I've given inordinate importance to my years as an ex-pat in Mexico. I've
claimed again and again that I might have stayed, that my life was there, but
that tragedy brought me back to Seattle, brought me home. But maybe the truth
is that home brought me home. That culture and language, roots and blood
brought me home. Home is all those things for me. And there's more.
People
make a place home. Blood, family, yes. Also those I choose to
be my family: friends and neighbors, colleagues and community members. The
people I see daily or weekly. The tall, thin librarian who bikes to work, the
postal worker with long, painted nails, the waitress who wouldn't serve my
daughter a margarita because she knew she wasn't 21 regardless what her false
ID stated. Community is home. It's where I can breathe and thrive.
Home
is the physical environment. I am a Washingtonian. My roots are planted deep in
the forests of the Cascade foothills. The vibrant greens of the hills, the
varied grays of winter, the brilliant blues of summer sky and water are home to
me. Home too is the fragrant salt air off Puget Sound, gentle and breezy in the
summer, harsh and cold in the winter, always laced with the scent of the sea.
Love
makes home. Love of self: self-concept, self-confidence, self-awareness that
make me feel at peace, wherever I find myself. Love of others. Love I give and
love I receive. Always. Unconditional. Love that allows me to kick back and be
myself with the self-knowledge to understand who that self is, what makes it
tick, what gives it joy.
I've
spent my adult life teaching the English language, the past thirty years working
with immigrants and refugees in Seattle. My students have lost all they once
knew. Most will never return to their homelands, their roots. Can roots be
replanted? Is multi-culturalism possible? Could my roots have grown deep enough
for me to find home in Mexico City? I believe so. I believe my students can
build new homes, set new roots here in Seattle, or anywhere in the world,
provided their other needs (sense of self; love of family, friends and
community; physical environment; first language and cultural values) are met
while they are also learning and accepting the language and culture of their
new home. This is one of the lessons I learned from Finding Home: Other Voices, and it is the lesson my characters
learn in The Alki Trilogy.
I
am grateful to the wonderful writers who, by sharing their stories, helped me
understand my own more deeply. Here's a complete list of contributors. Just
click on a name to link to the author's essay.
And
here's my completed exercise for the teachers in the room. Sixteen essays for
fourteen residences, most of which were never homes at all.
3 comments:
Very thoughtful post. Bob and Jack always have good ideas. Think I'll try this. I have felt home in the NW for many years. Think I was coming home here all my life. Now I've been here more than half my life.

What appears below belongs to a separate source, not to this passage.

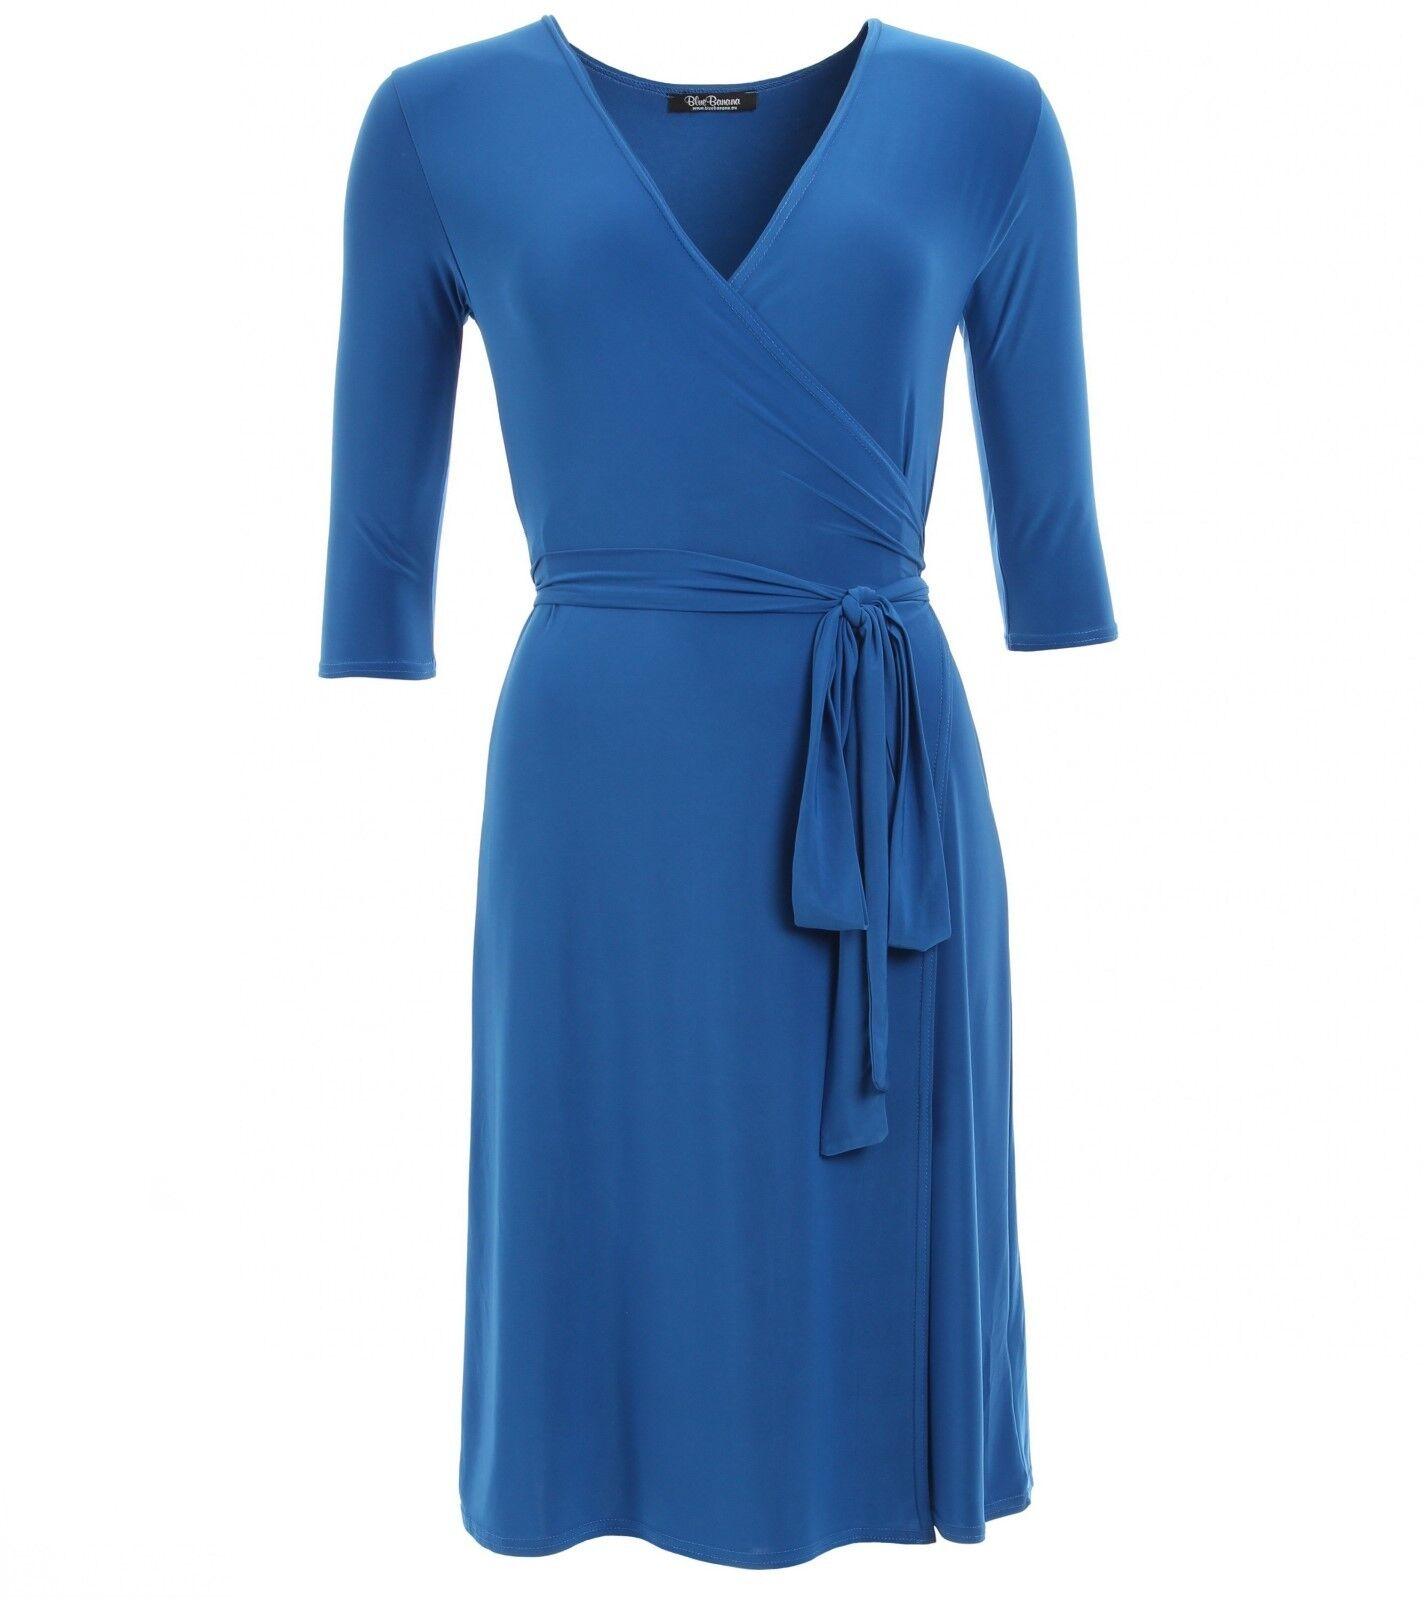 New Elegant Slinky V Neck Wrap Dress 3//4 Length Sleeve

I've read the whole series. Didn't always leave comments. Very sincere work there. Probably should come together in a book. Buckminster Fuller wrote that America moves every five (or was it three?) years.That's a lot of homes to get back to so this series touches some nerves.
J
Thank you for your comments historywriter and Jack. It was an adventure that's for sure! A book? Maybe. The process has certainly helped clarify some ideas before my new project can progress into a book.